How to Configure PostgreSQL Sharding?
Now we will configure Sharding using PostgreSQL Partitions and Foreign Data Wrapper (FDW). This functionality allows PostgreSQL to access data stored in other servers. It is an extension available by default in the common PostgreSQL installation.

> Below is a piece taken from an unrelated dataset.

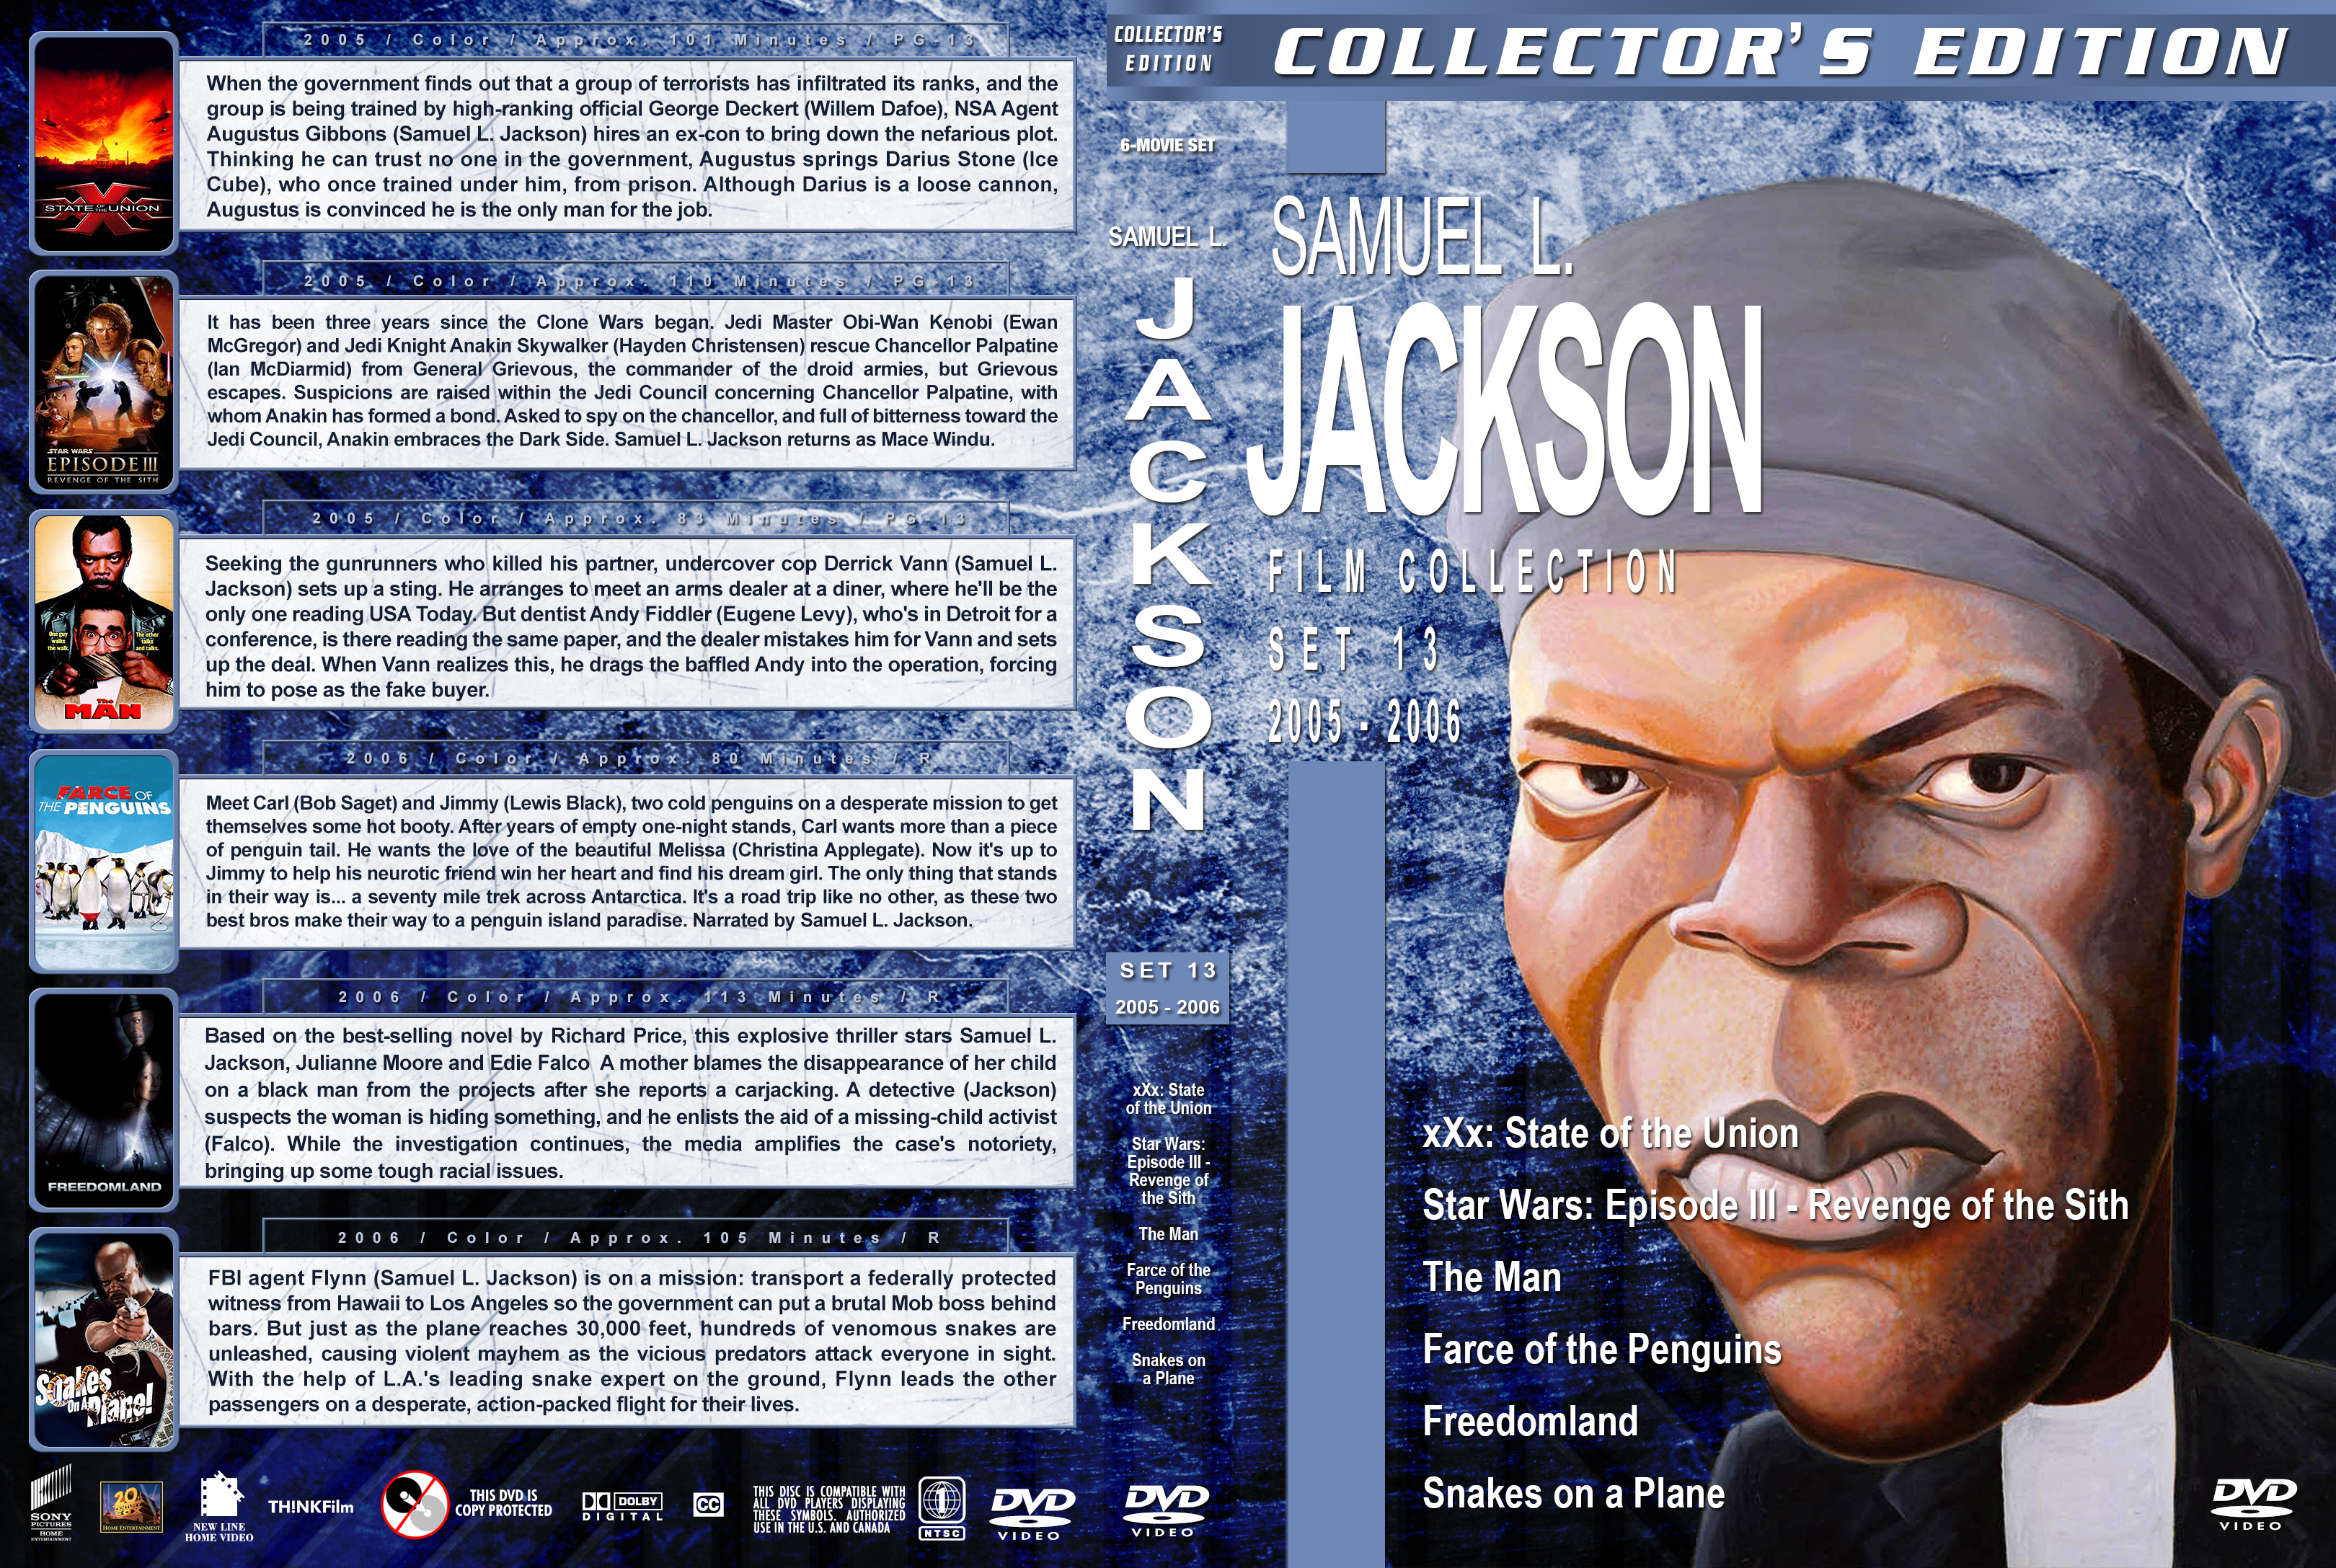 Samuel L Jackson Film Collection Set 13 2005 2006 Cover

We will use the following environment:
Servers: Shard1 - 10.10.10.137, Shard2 - 10.10.10.138
Database User: admindb
Table: customers
To enable the FDW extension, you just need to run the following command in your main server, in this case, Shard1:
postgres=# CREATE EXTENSION postgres_fdw;
CREATE EXTENSION
Now let’s create the table customers partitioned by registered date:
postgres=# CREATE TABLE customers (
id INT NOT NULL,
name VARCHAR(30) NOT NULL,
registered DATE NOT NULL
)
PARTITION BY RANGE (registered);
And the following partitions:
postgres=# CREATE TABLE customers_2021
PARTITION OF customers
FOR VALUES FROM ('2021-01-01') TO ('2022-01-01');
postgres=# CREATE TABLE customers_2020
PARTITION OF customers
FOR VALUES FROM ('2020-01-01') TO ('2021-01-01');
These Partitions are locals. Now let’s insert some test values and check them:
postgres=# INSERT INTO customers (id, name, registered) VALUES (1, 'James', '2020-05-01');
postgres=# INSERT INTO customers (id, name, registered) VALUES (2, 'Mary', '2021-03-01');
Here you can query the main partition to see all the data:
postgres=# SELECT * FROM customers;
id | name | registered
----+-------+------------
1 | James | 2020-05-01
2 | Mary | 2021-03-01
(2 rows)
Or even query the corresponding partition:
postgres=# SELECT * FROM customers_2021;
id | name | registered
----+------+------------
2 | Mary | 2021-03-01
(1 row)
postgres=# SELECT * FROM customers_2020;
id | name | registered
----+-------+------------
1 | James | 2020-05-01
(1 row)
As you can see, data was inserted in different partitions, according to the registered date. Now, in the remote node, in this case Shard2, let’s create another table:
postgres=# CREATE TABLE customers_2019 (
id INT NOT NULL,
name VARCHAR(30) NOT NULL,
registered DATE NOT NULL);
You need to create this Shard2 server in Shard1 in this way:
postgres=# CREATE SERVER shard2 FOREIGN DATA WRAPPER postgres_fdw OPTIONS (host '10.10.10.138', dbname 'postgres');
And the user to access it:
postgres=# CREATE USER MAPPING FOR admindb SERVER shard2 OPTIONS (user 'admindb', password 'Passw0rd');
Now, create the FOREIGN TABLE in Shard1:
postgres=# CREATE FOREIGN TABLE customers_2019
PARTITION OF customers
FOR VALUES FROM ('2019-01-01') TO ('2020-01-01')
SERVER shard2;
And let’s insert data in this new remote table from Shard1:
postgres=# INSERT INTO customers (id, name, registered) VALUES (3, 'Robert', '2019-07-01');
INSERT 0 1
postgres=# INSERT INTO customers (id, name, registered) VALUES (4, 'Jennifer', '2019-11-01');
INSERT 0 1
If everything went fine, you should be able to access the data from both Shard1 and Shard2:
Shard1:
postgres=# SELECT * FROM customers;
id | name | registered
----+----------+------------
3 | Robert | 2019-07-01
4 | Jennifer | 2019-11-01
1 | James | 2020-05-01
2 | Mary | 2021-03-01
(4 rows)
postgres=# SELECT * FROM customers_2019;
id | name | registered
----+----------+------------
3 | Robert | 2019-07-01
4 | Jennifer | 2019-11-01
(2 rows)
Shard2:
postgres=# SELECT * FROM customers_2019;
id | name | registered
----+----------+------------
3 | Robert | 2019-07-01
4 | Jennifer | 2019-11-01
(2 rows)
That’s it. Now you are using Sharding in your PostgreSQL Cluster.
Conclusion
Partitioning and Sharding in PostgreSQL are good features. It helps you in case you need to separate data in a big table to improve performance, or even to purge data in an easy way, among other situations. An important point when you are using Sharding is to choose a good shard key that distributes the data between the nodes in the best way. Also, you can use ClusterControl to simplify the PostgreSQL deployment and to take advantage of some features like monitoring, alerting, automatic failover, backup, point-in-time recovery, and more.